Now, for my charismatiphobic readers, allow me to explain. I did not physically hear something...although that would have been cool. No, I felt something. I heard it on the inside, in a way that is more real and deeper impacting than anything that's ever come out of my iPod. I heard/felt/sensed/knew this was for me at this moment in time:
Create in my a pure heart, Oh God, and renew a right spirit in me.
Now, understand that while I generally attend the 6am prayer meeting, I am not tremendously spiritual at that hour. Were it not for the miracle of coffee, these things could not happen. I turned the phrase over in my head as I drove to the prayer room but kind of forgot about it.
Not long into the meeting, I took a phone call. It was directly related to what I was frustrated about, and as the conversation continued, I found my blood pressure inching upward. Finally I told the friend "Hey, this verse is what I heard this morning....can we break this conversation off for right now because I want to continue it in a right spirit and to do that, I have to go get one." Of course, because they're a true friend, they agreed that it was best. I turned the phone off and reengaged with the Lord. Later, when it came time to finish the conversation, all went smoother because my heart was right.
I got to thinking about all that...on one hand, I was glad that I took the time out at realigned my heart before I went too far. I was grateful for a friend willing to give me a little space. I was also glad I was able to land in a place where I wanted to do the right thing with a right spirit. I was just bugged because it came so unnaturally.

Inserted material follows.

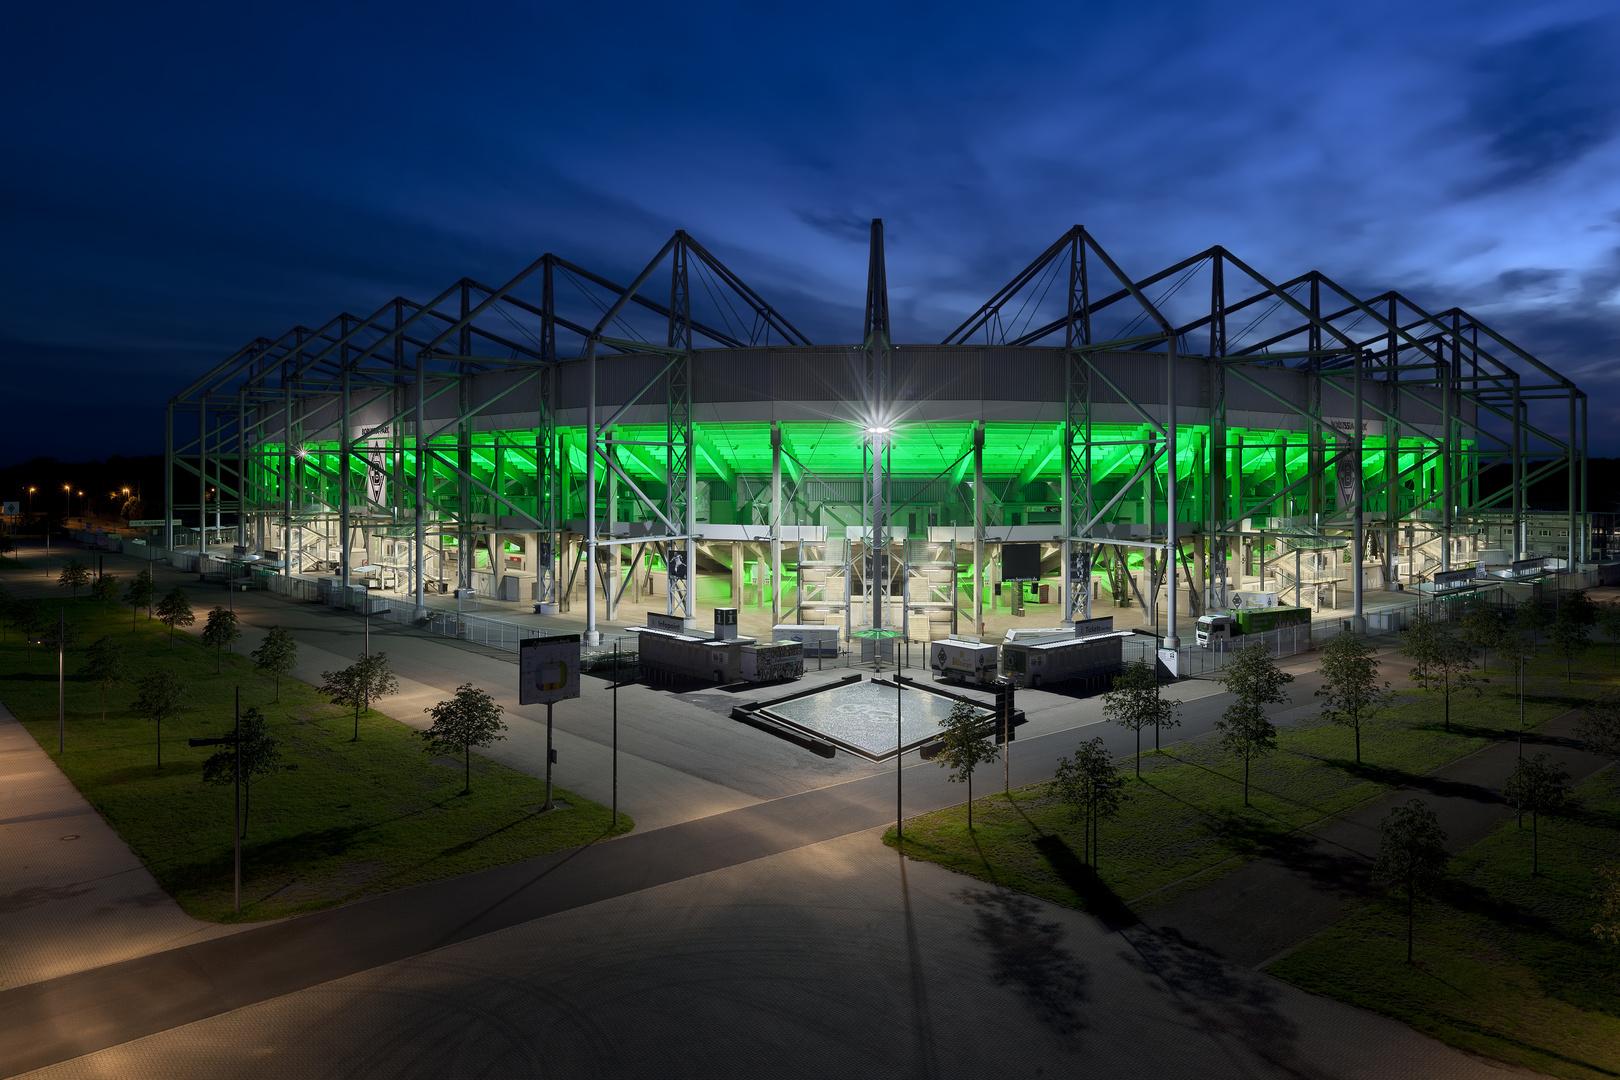 Borussia Park I – Borussia Mönchengladbach – Wolkenstimmung
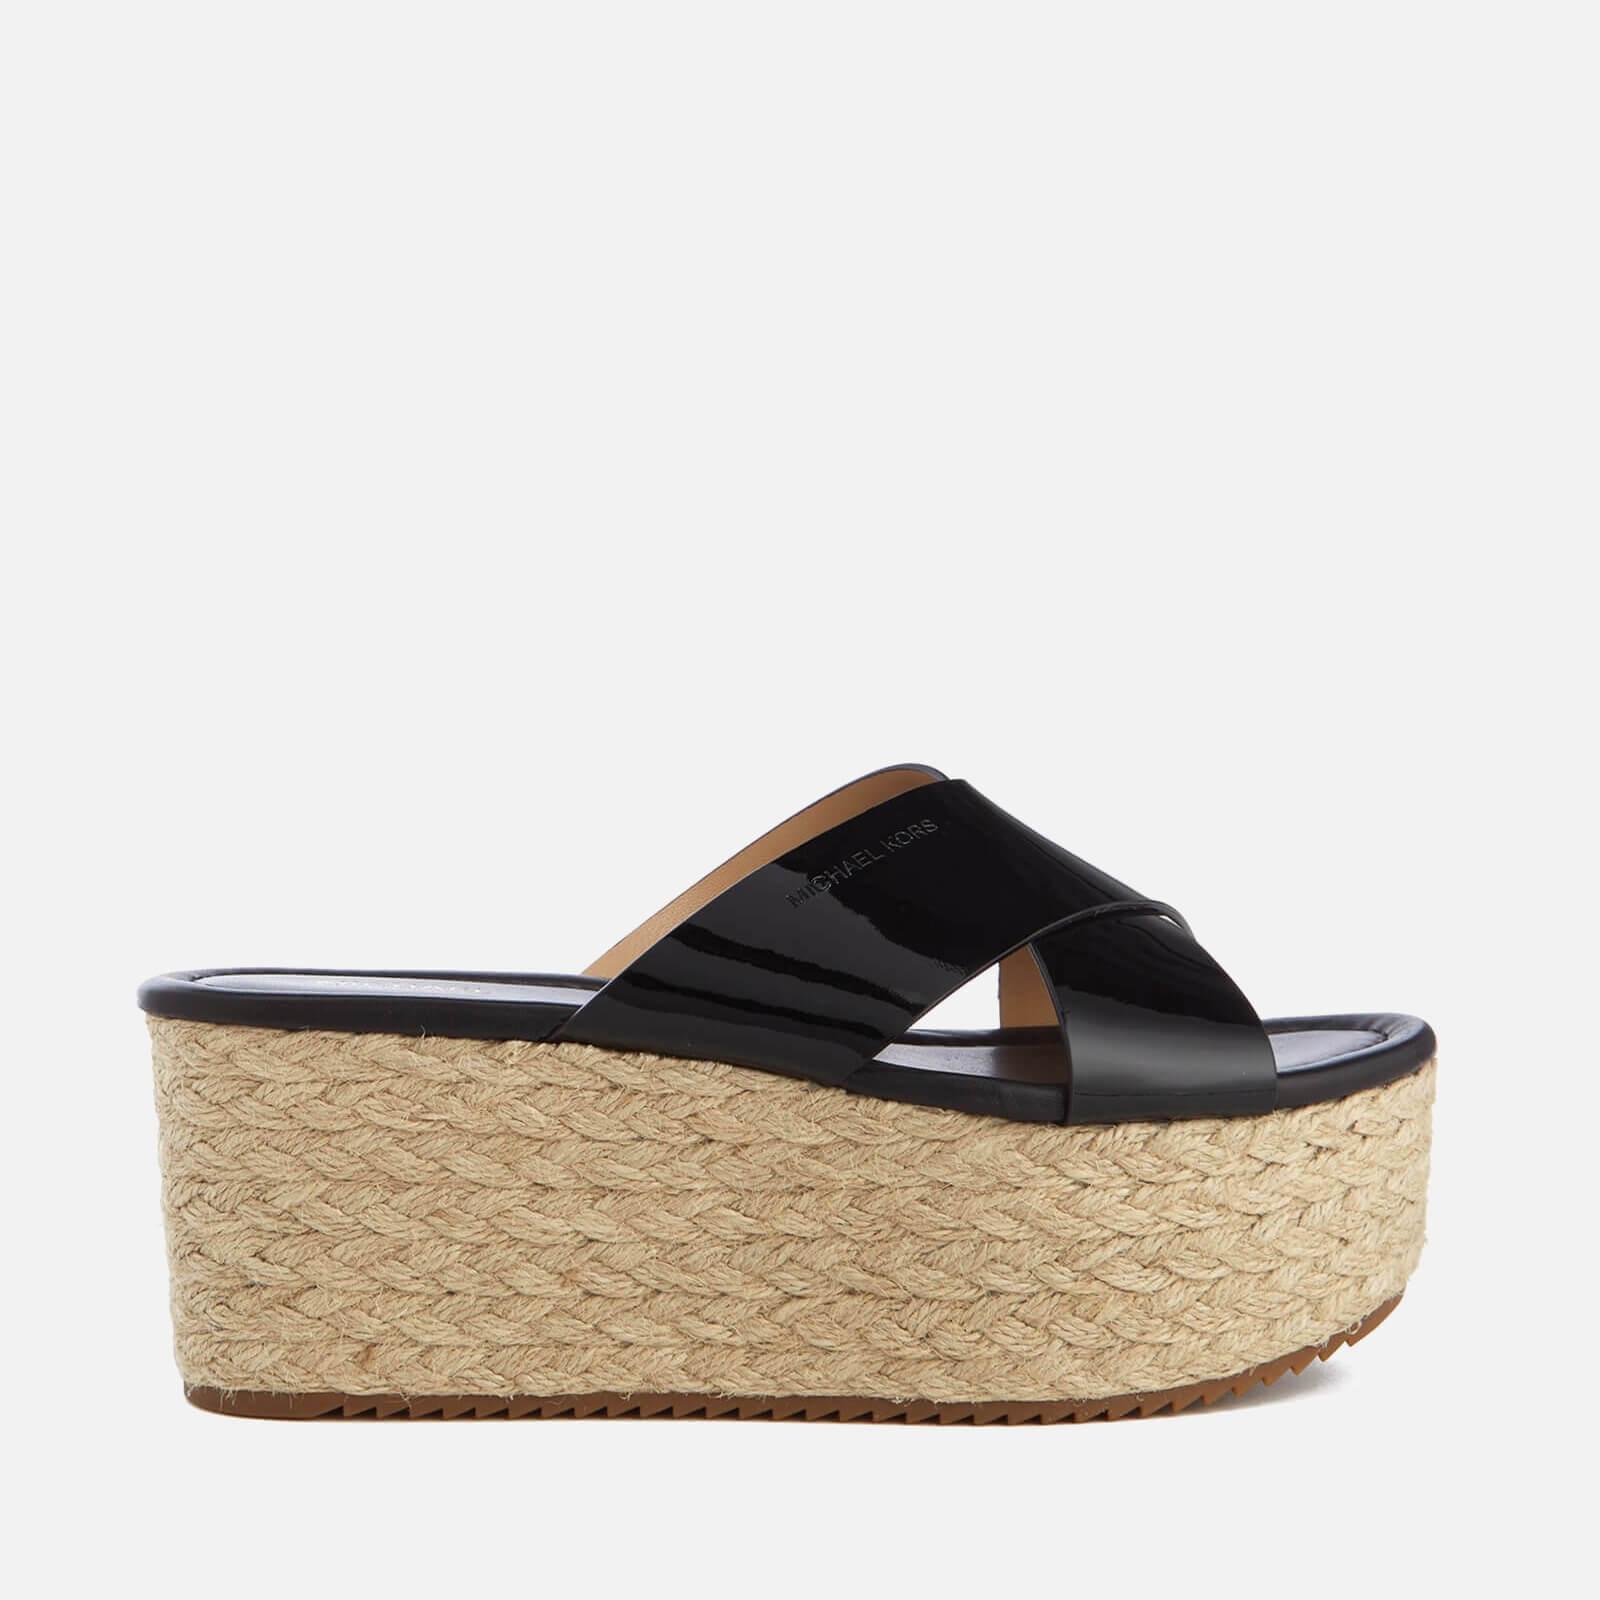 Black mk sandals - Michael Michael Kors Women S Vivianna Slide Wedged Sandals Black Patent

Since then, I've been reading the Psalm over and over again...seeing the difference between being able to eventually land on the right heart response vs. carrying the right response in our hearts before the time of testing arrives. In other words, I have reasonable faith in my ability to find wisdom when I need it. I just want to have it within me before I think I need it.
Verse six says "Surely you desire truth in my innermost parts....you teach me wisdom in the inmost place". My study Bible tells me that the meaning of this phrase is uncertain...but I have a hunch...it's like having wisdom written into your personal OS instead of having to search for that flash drive to boot it up when you need it.
I want wisdom and a right spirit, Lord...independent of my circumstances, so that I don't need to make these gut calls on the fly and hope I land on the righteous side of the fence.